Our initial three weeks were spent with reading several essays by Annie Dillard, then her brilliant Pilgrim at Tinker Creek in its entirety. I’ve written previously on this blog of how this book has influenced me over the years.

Books that changed my life: Pilgrim at Tinker Creek

Dillard models the energy and curiosity that I seek to inspire in my students in this course. As she records her detailed observations of the natural world in all its beauty and violence, then uses them as a springboard for intense and irreverent questions shot heavenward, I am reminded of a verse from Proverbs in the Jewish Scriptures: “It is the glory of God to conceal a thing, and the glory of kings to search it out.” This hide-and-seek game, with the divine hiding after leaving cryptic clues behind, and we mortals trying to figure out what they point toward, is Dillard’s continuing obsession.

What have we been trying to do all these centuries but trying to call God back to the mountain, or, failing that, raise a peep out of anything that isn’t us? What is the difference between a cathedral and a physics lab? Are they not both saying: Hello? 
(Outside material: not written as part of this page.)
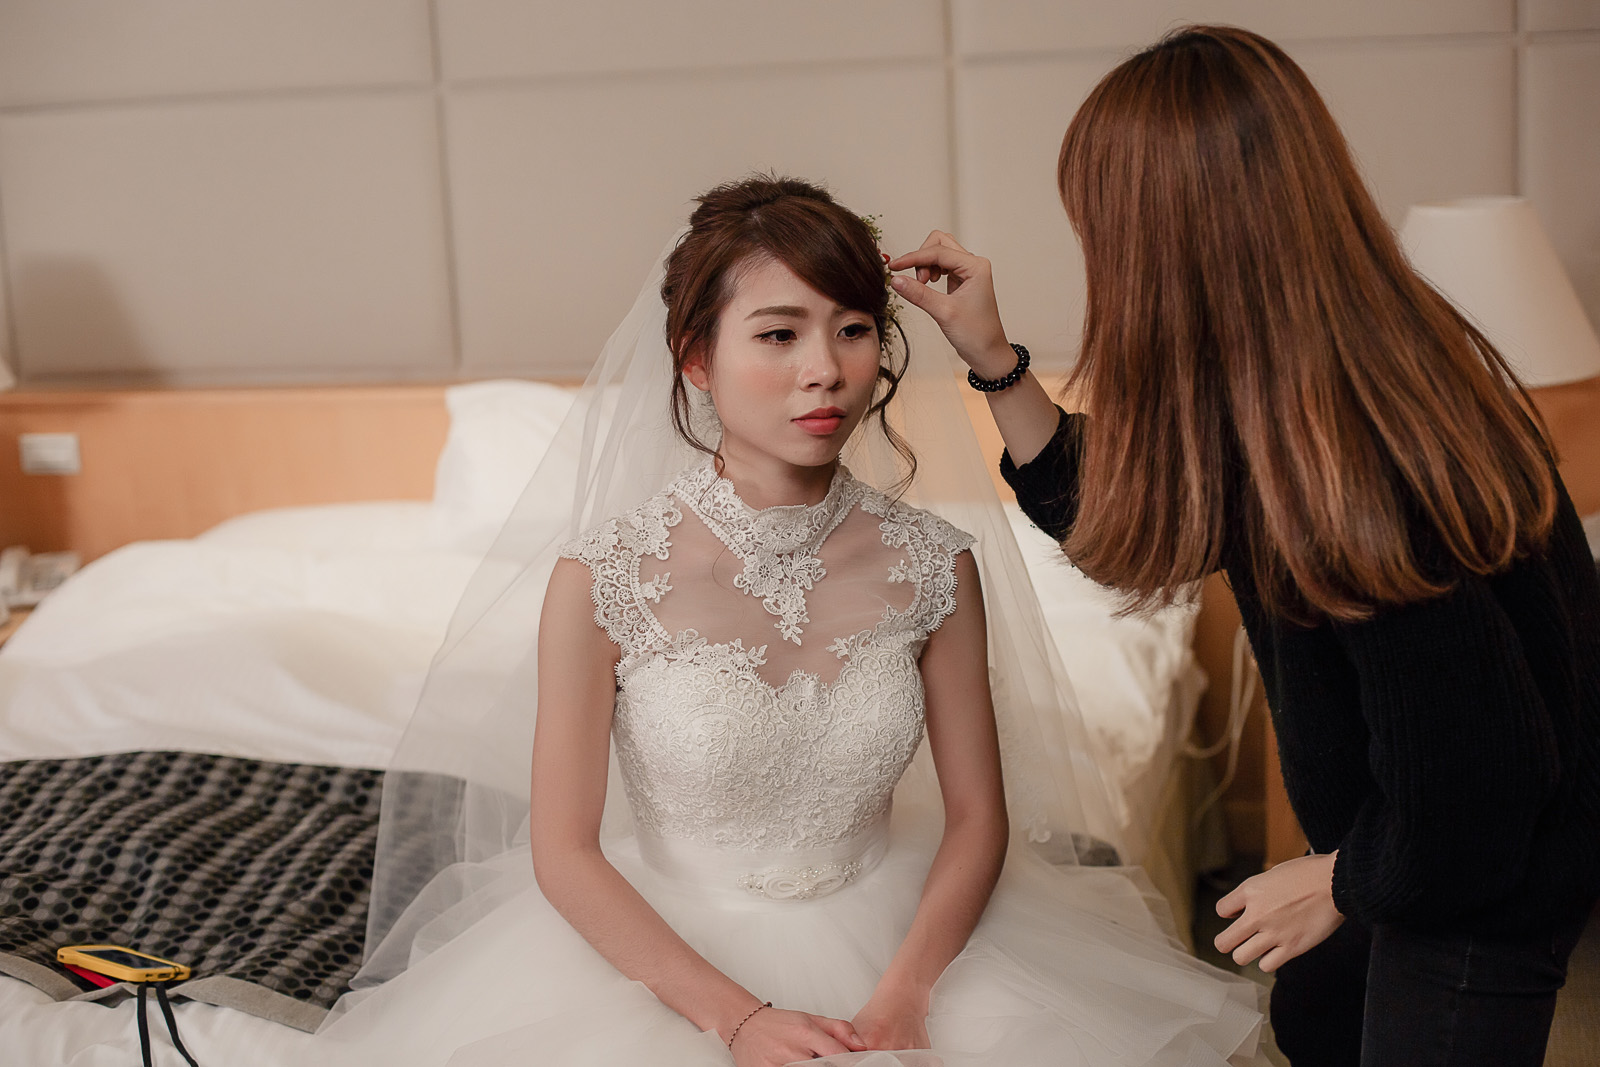 高雄圓山飯店,婚禮攝影,婚攝,高雄婚攝,優質婚攝推薦,Jen&Ethan-127

Dillard once described liturgy as a set of words and practices that human beings over the years have managed to direct toward God without getting killed; is science a similar sort of activity, attempting to get a glimpse of the most elusive of prey? Many, probably most, scientists would say that questions of what lies behind the natural world are not within their purview—their task is to figure out what is the case, not why it is the case. But one does not have to look too far to find scientists who think otherwise.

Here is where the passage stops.